He barely gave me enough time to tell Mom where I'd be before he whisked me off to the mall. And now we're sitting thigh to thigh in a miniature submarine, doing combat with a cheesy-looking giant squid. Dad mans the torpedoes while I steer the vessel.

Video games were invented by demons riding dragons through the depths of a computer-generated hell rendered with excellent graphics so that I can see every drop of my blood on their three-pronged spears. I hate video games because I suck at them. When the bad guys in video games shoot at me, I actually get scared for real—I cringe and try to hide behind the control panel even though I know I am in no physical danger whatsoever. I can never hit a single target no matter how hard I try, and the stupid digital music they play grates on my opera-loving nerves. Worst of all are the thoughts bouncing around in video arcades. Violence, death, destruction, sex. Arcades bring out everyone's worst drives. Video games are agents of evil, and they should all be burned in a giant slag pit.

Dad's thoughts:
She probably never thought the old man could be so hip!
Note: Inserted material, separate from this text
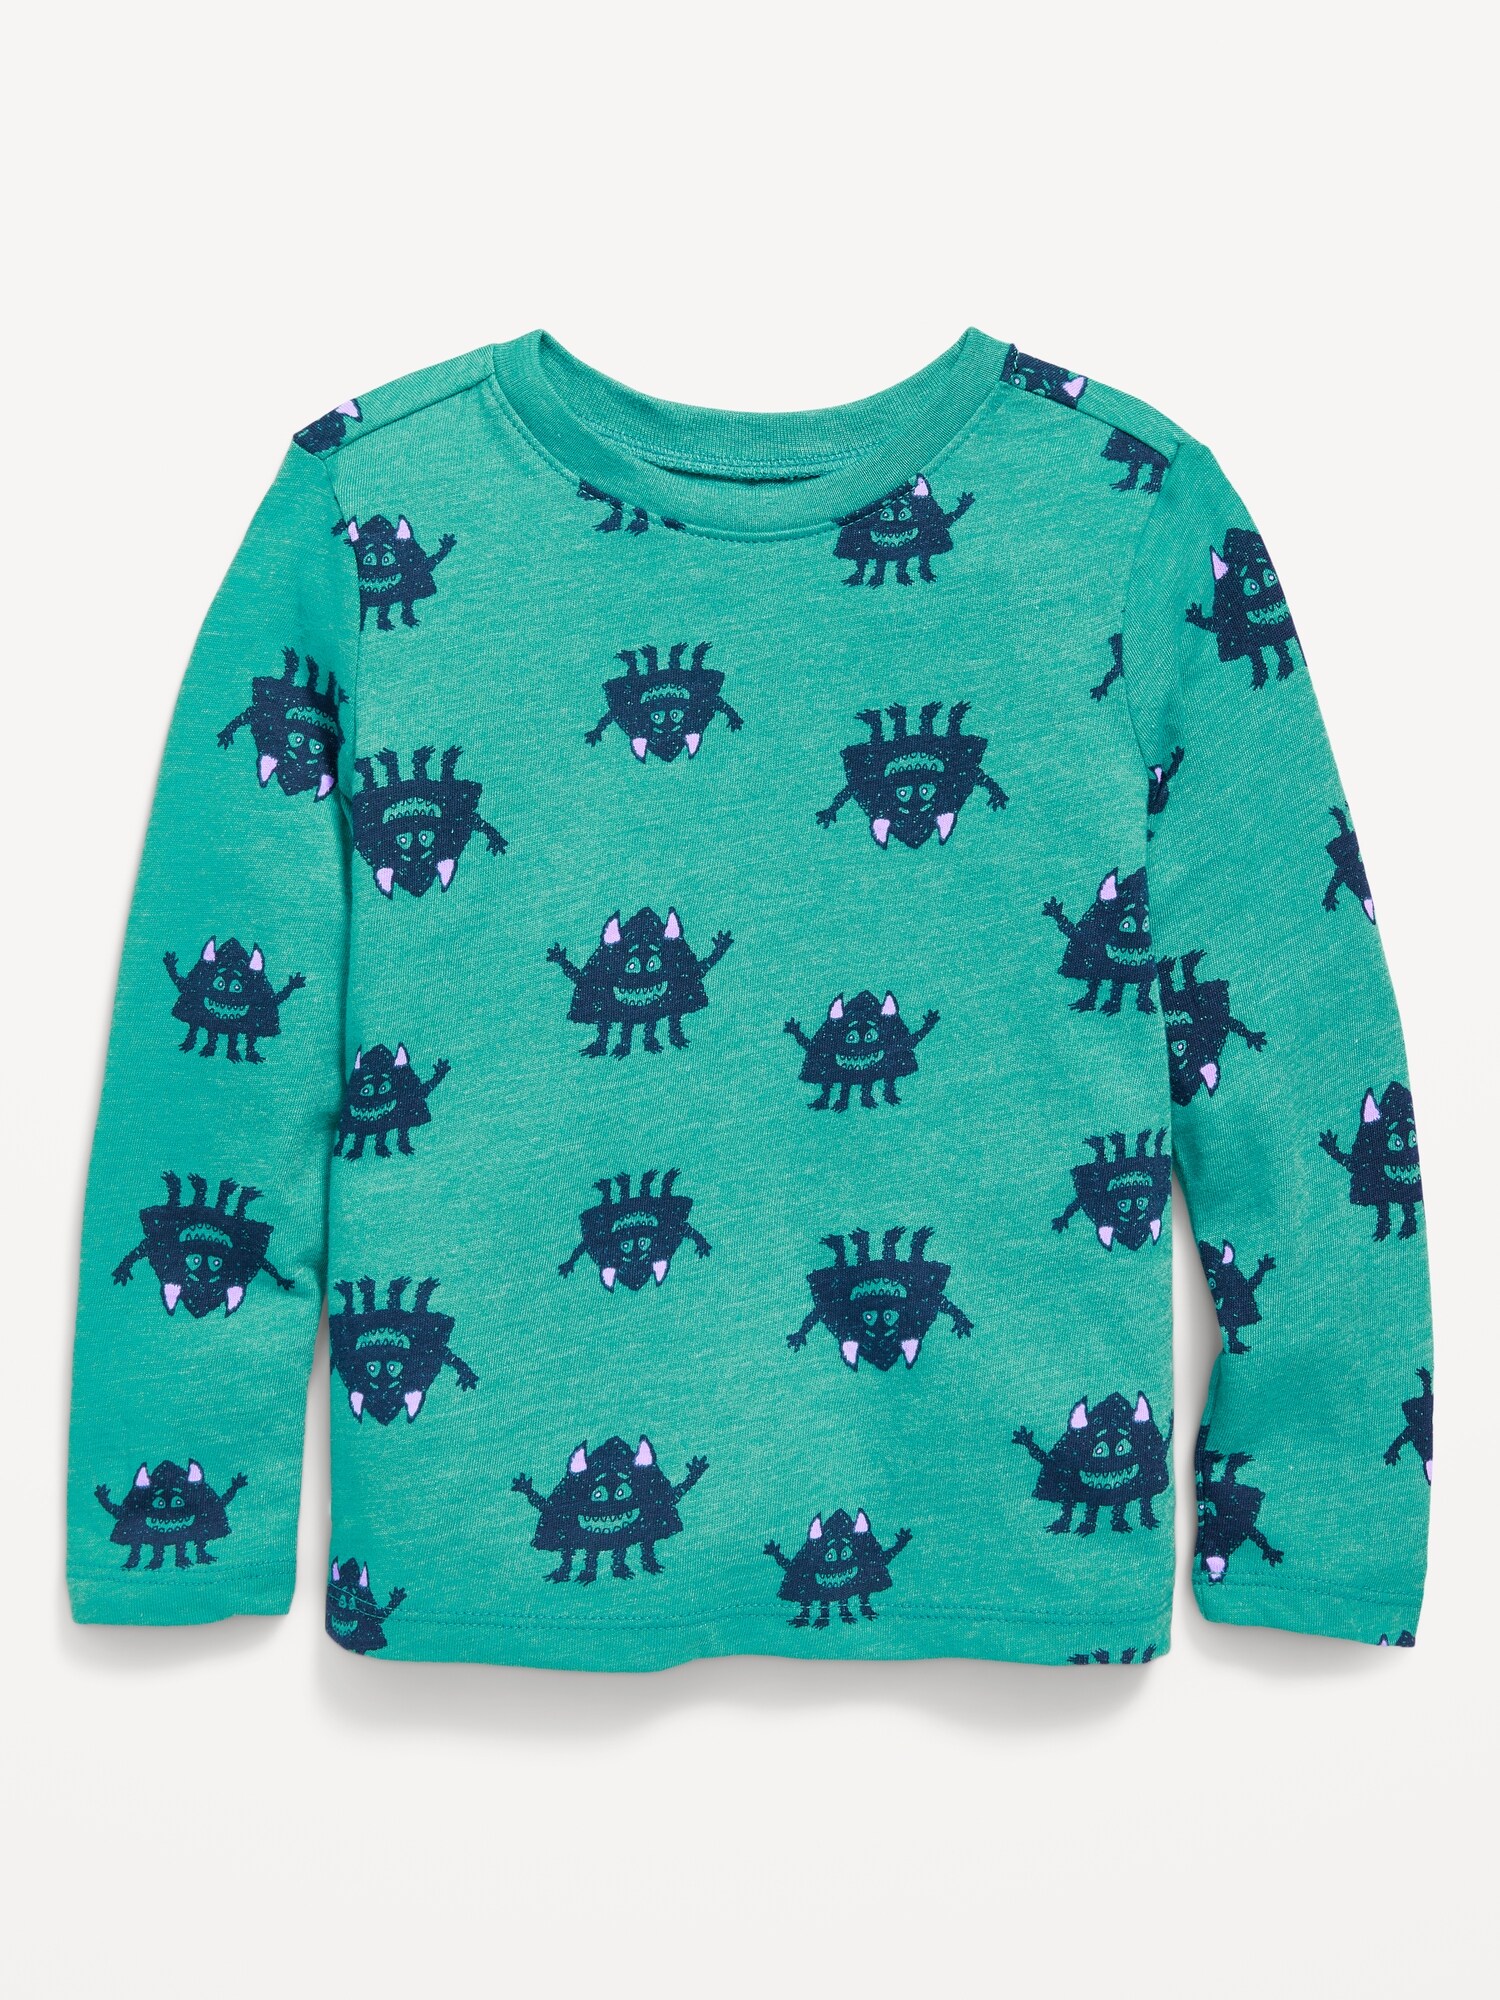 Oldnavy Unisex Printed Long-Sleeve T-Shirt for Toddler

At least I don't hear the thoughts that used to scare me so much, about how worthless he was, about how Mom and I would be better off without him. Losing that patient really brought him low, but he seems to be much better. Maybe soon he'll start talking about moving back home.

"Fun, huh?" Dad asks just as our submarine sinks to the bottom of the Indian Ocean to be consumed by a metal-eating giant squid and its young.

"It's great." I try not to sound sarcastic, but the harder I try, the more sarcastic I sound. "Really," I add, so now I sound sarcastic and bitter. "What time is it?"

"Three-thirty."

"I'll be right back."

I go to the bathroom to check my face. I didn't even have time to put on any makeup this morning, not that I care what anyone in here thinks of me. Without eyeliner my eyes look super huge and buggy. I don't even have lip-gloss on me, so my lips look dry and cracked. My hair dried naturally, and it's all super curly and too big. I'm wearing my smiley face T-shirt and the first crinkly skirt I ever sewed, made from the set of Bambi sheets I had when I was a little girl. I look like a hippie chick from Woodstock who wandered through a time warp without her toiletry kit.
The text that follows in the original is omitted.